Data excerpts →
>>>

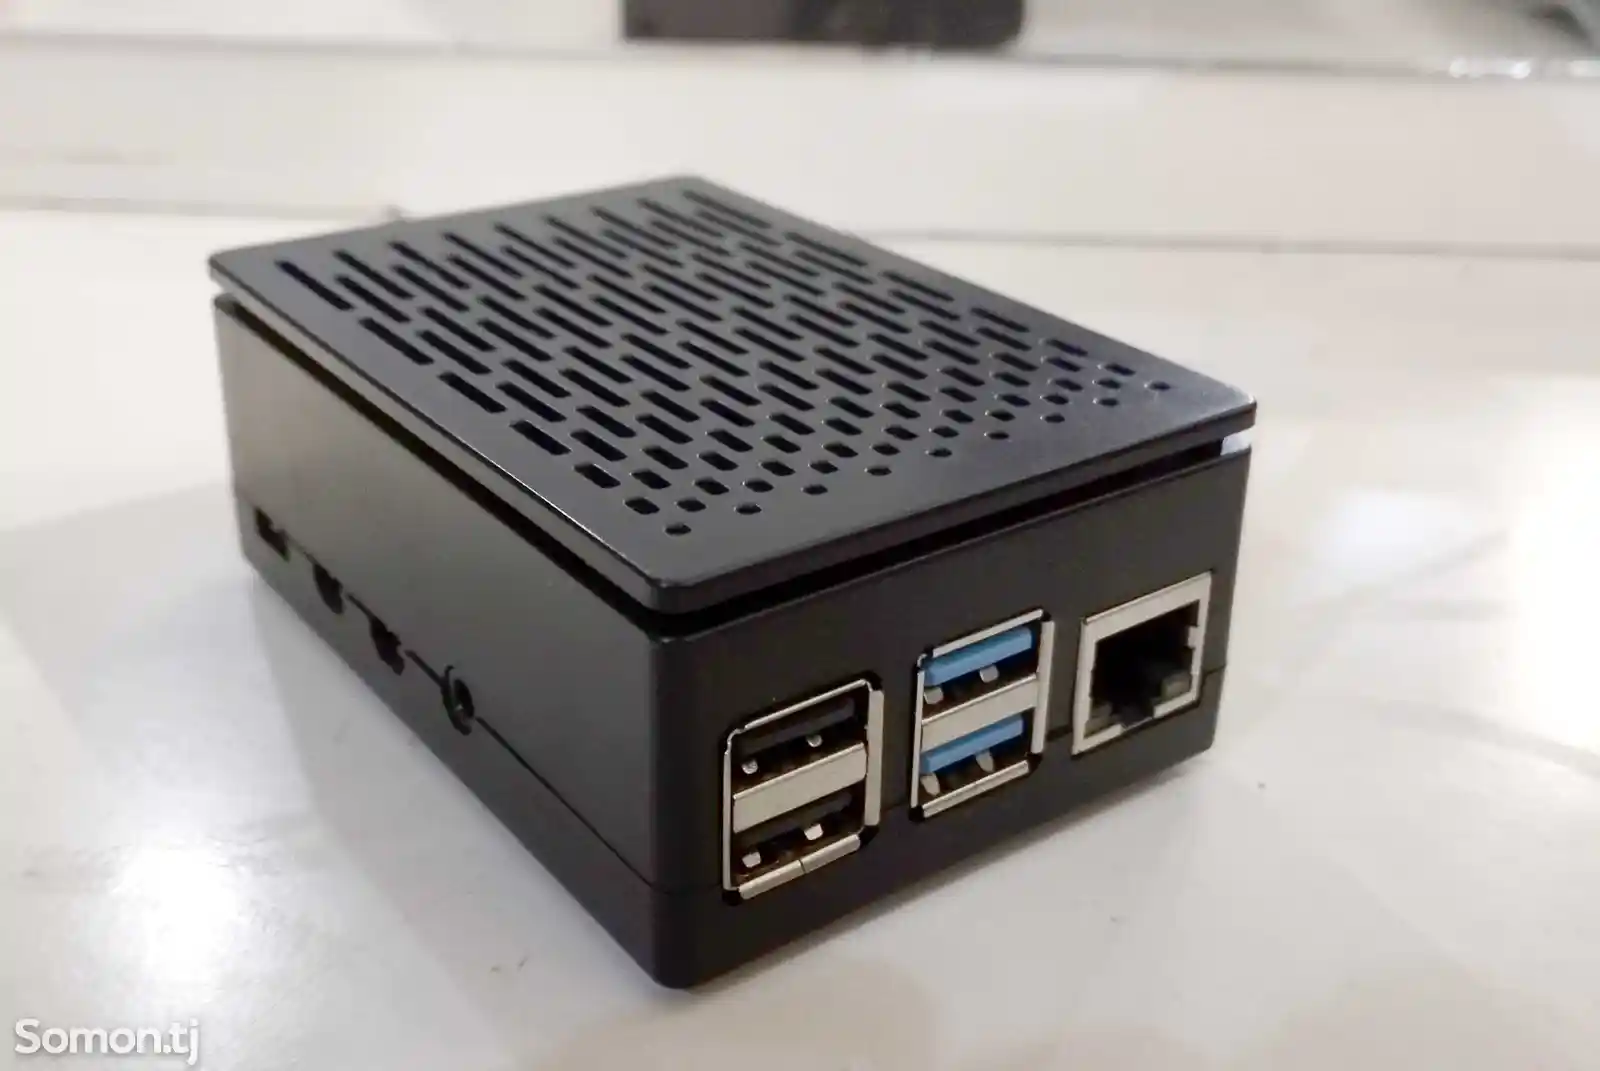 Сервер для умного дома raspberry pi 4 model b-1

<<<
>>>

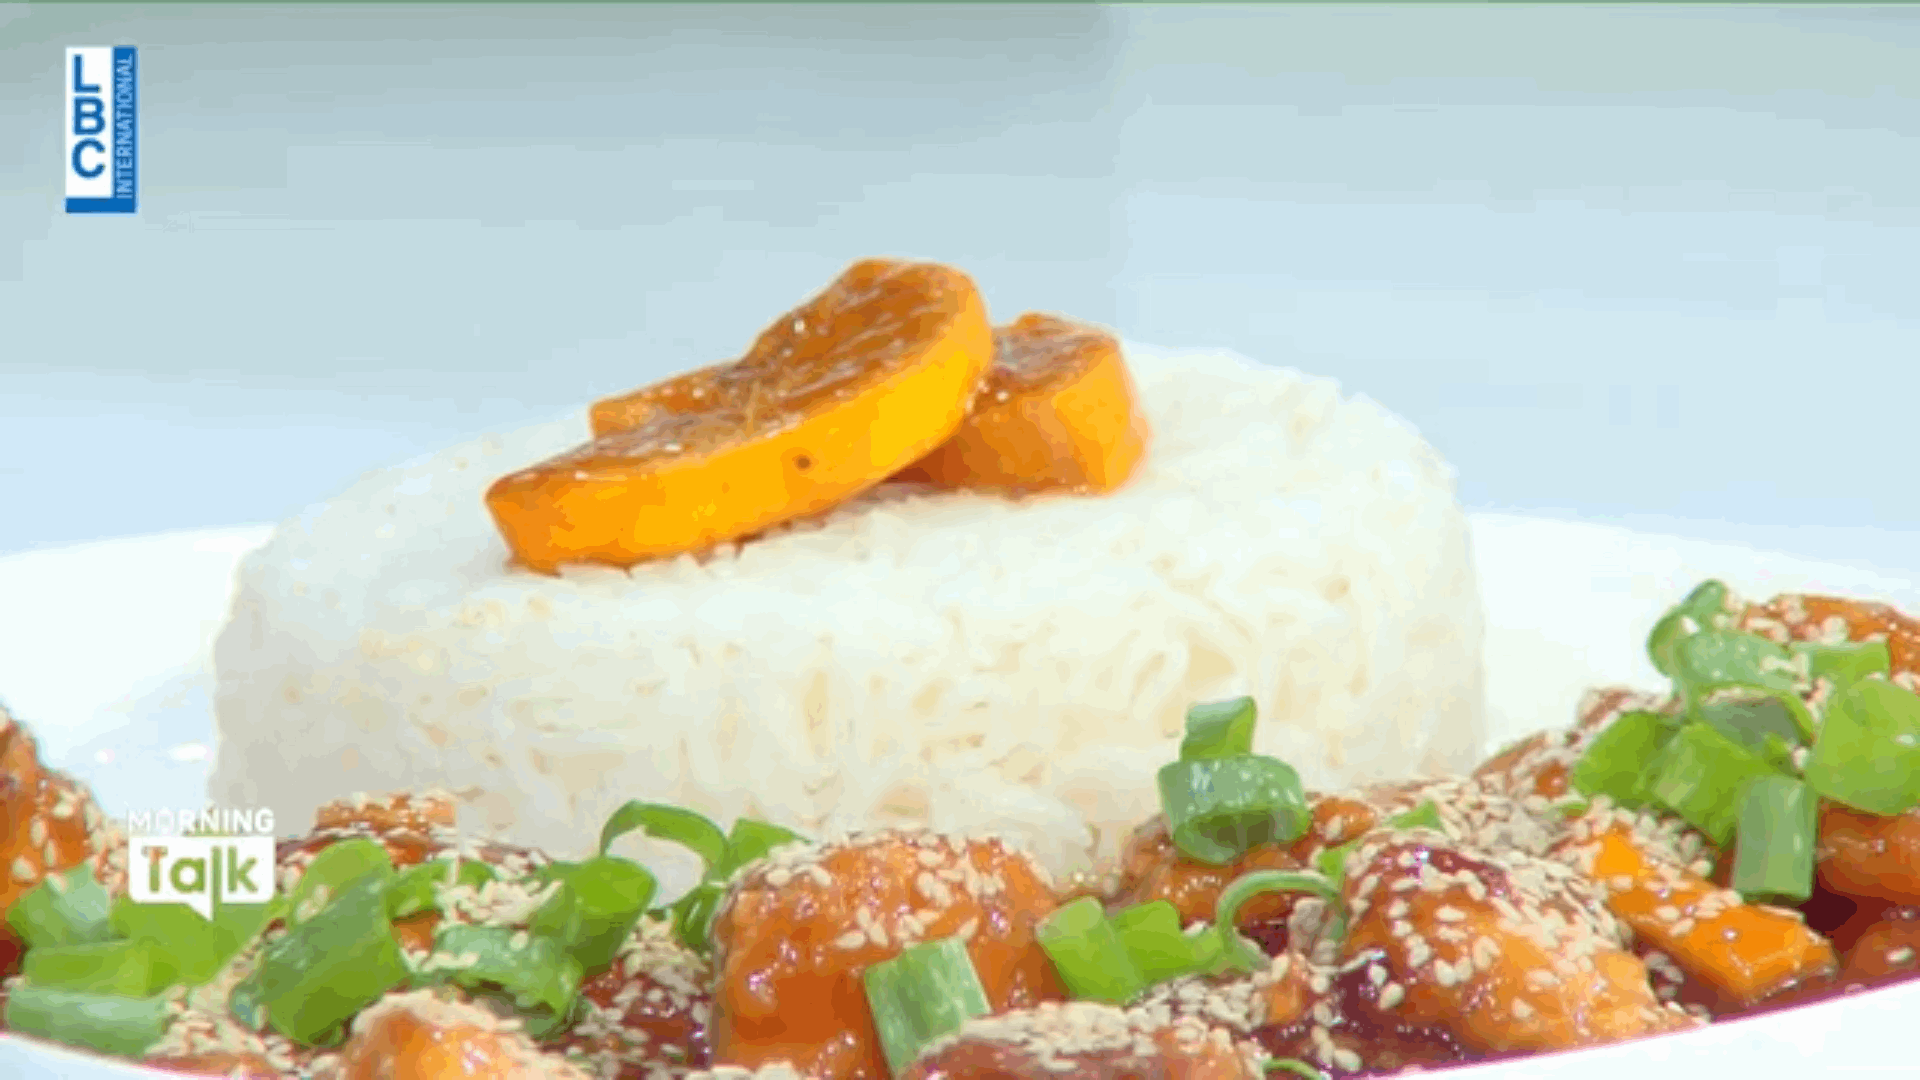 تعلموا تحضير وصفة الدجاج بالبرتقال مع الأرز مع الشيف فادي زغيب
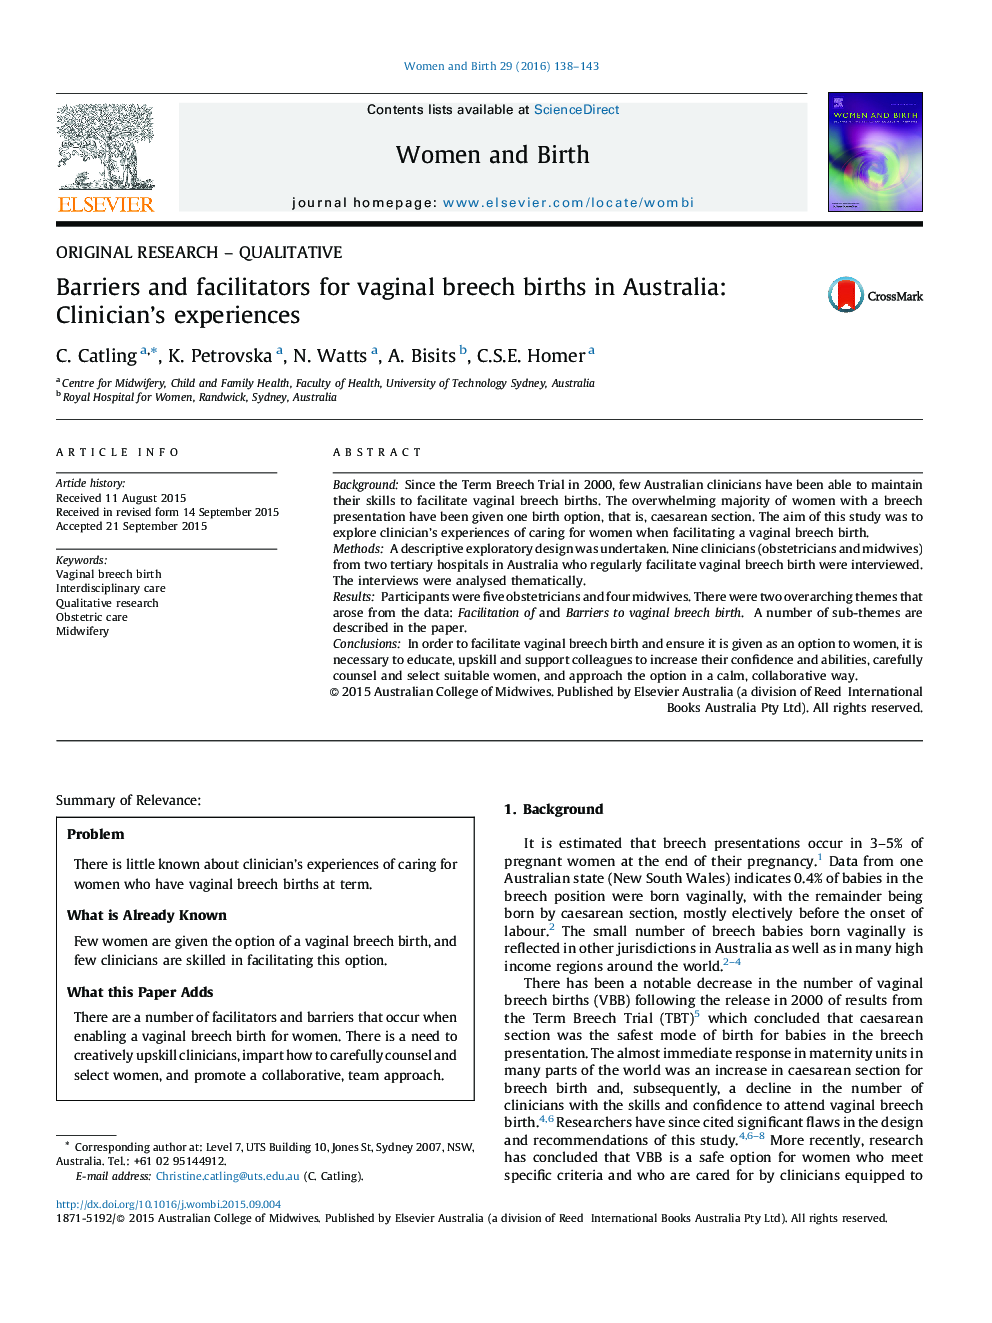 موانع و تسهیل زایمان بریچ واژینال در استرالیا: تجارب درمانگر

<<<
>>>

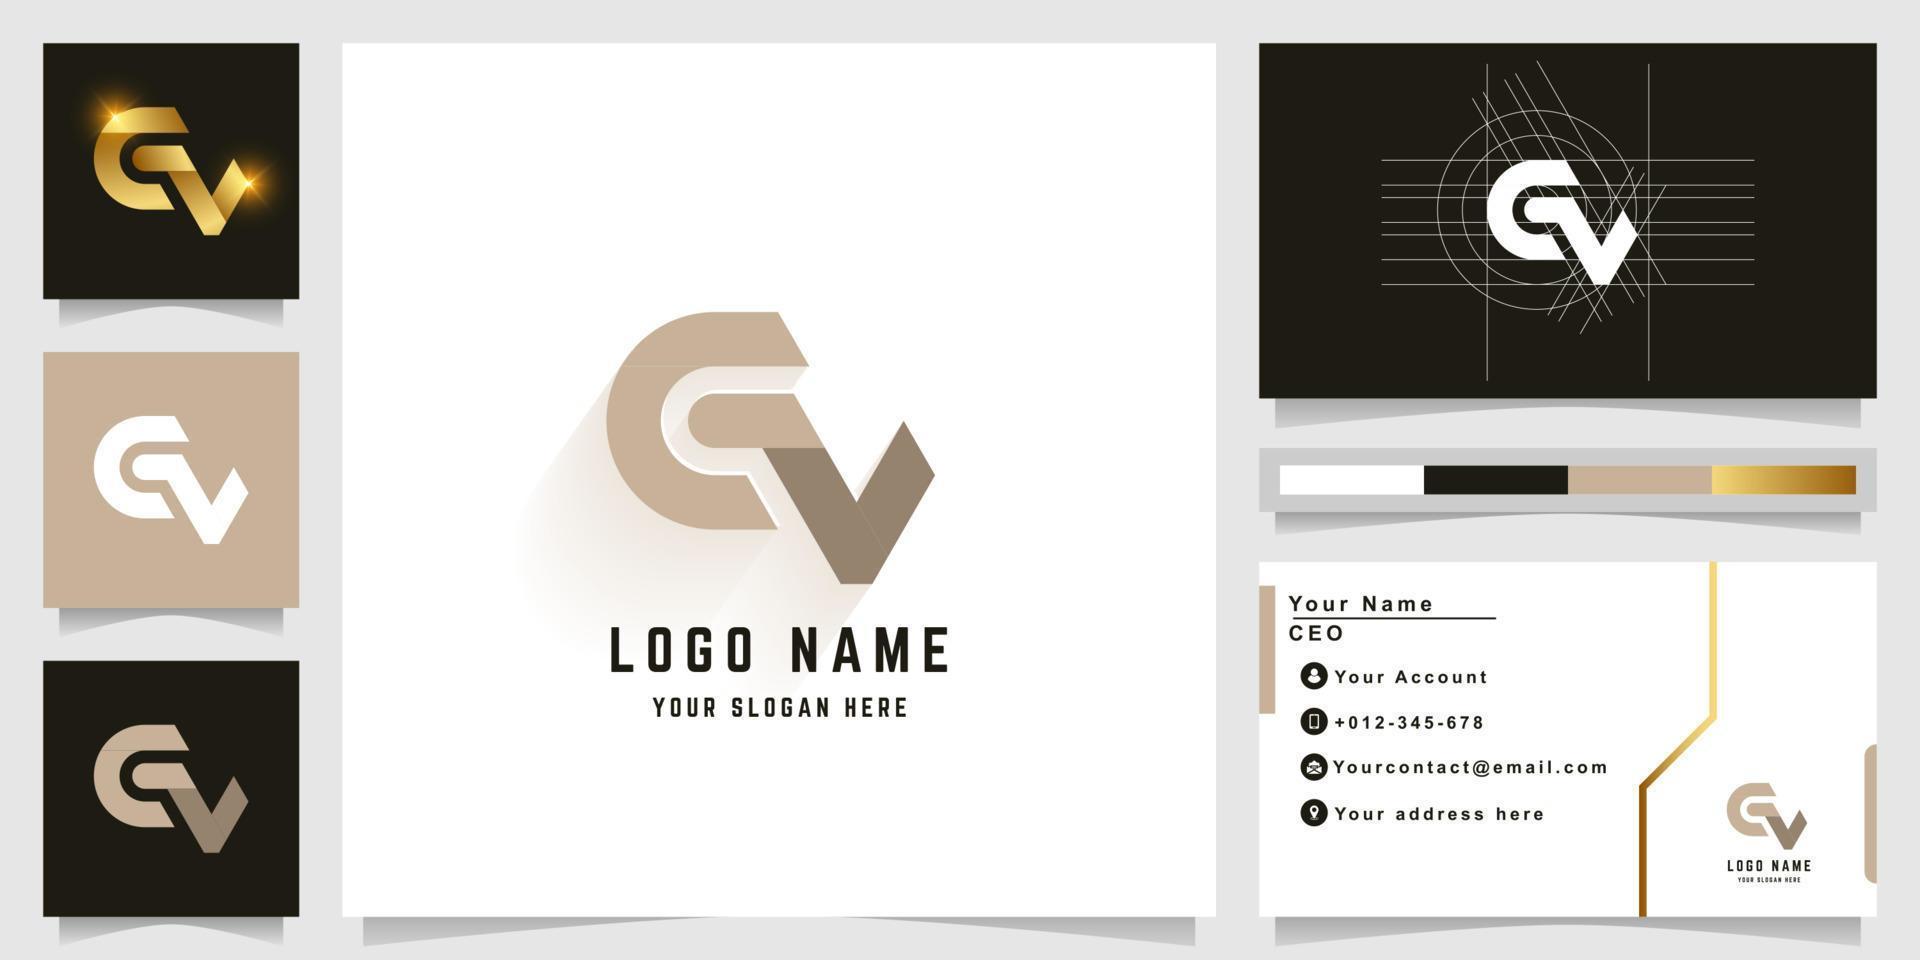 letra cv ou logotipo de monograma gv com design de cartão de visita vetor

<<<

Task instructions →
Beginning at the line that has "تعلموا تحضير وصفة" and ending at the line that has "موانع و تسهیل", restate the listing above word for word, pictures left out.

Reply →
 تعلموا تحضير وصفة الدجاج بالبرتقال مع الأرز مع الشيف فادي زغيب
 موانع و تسهیل زایمان بریچ واژینال در استرالیا: تجارب درمانگر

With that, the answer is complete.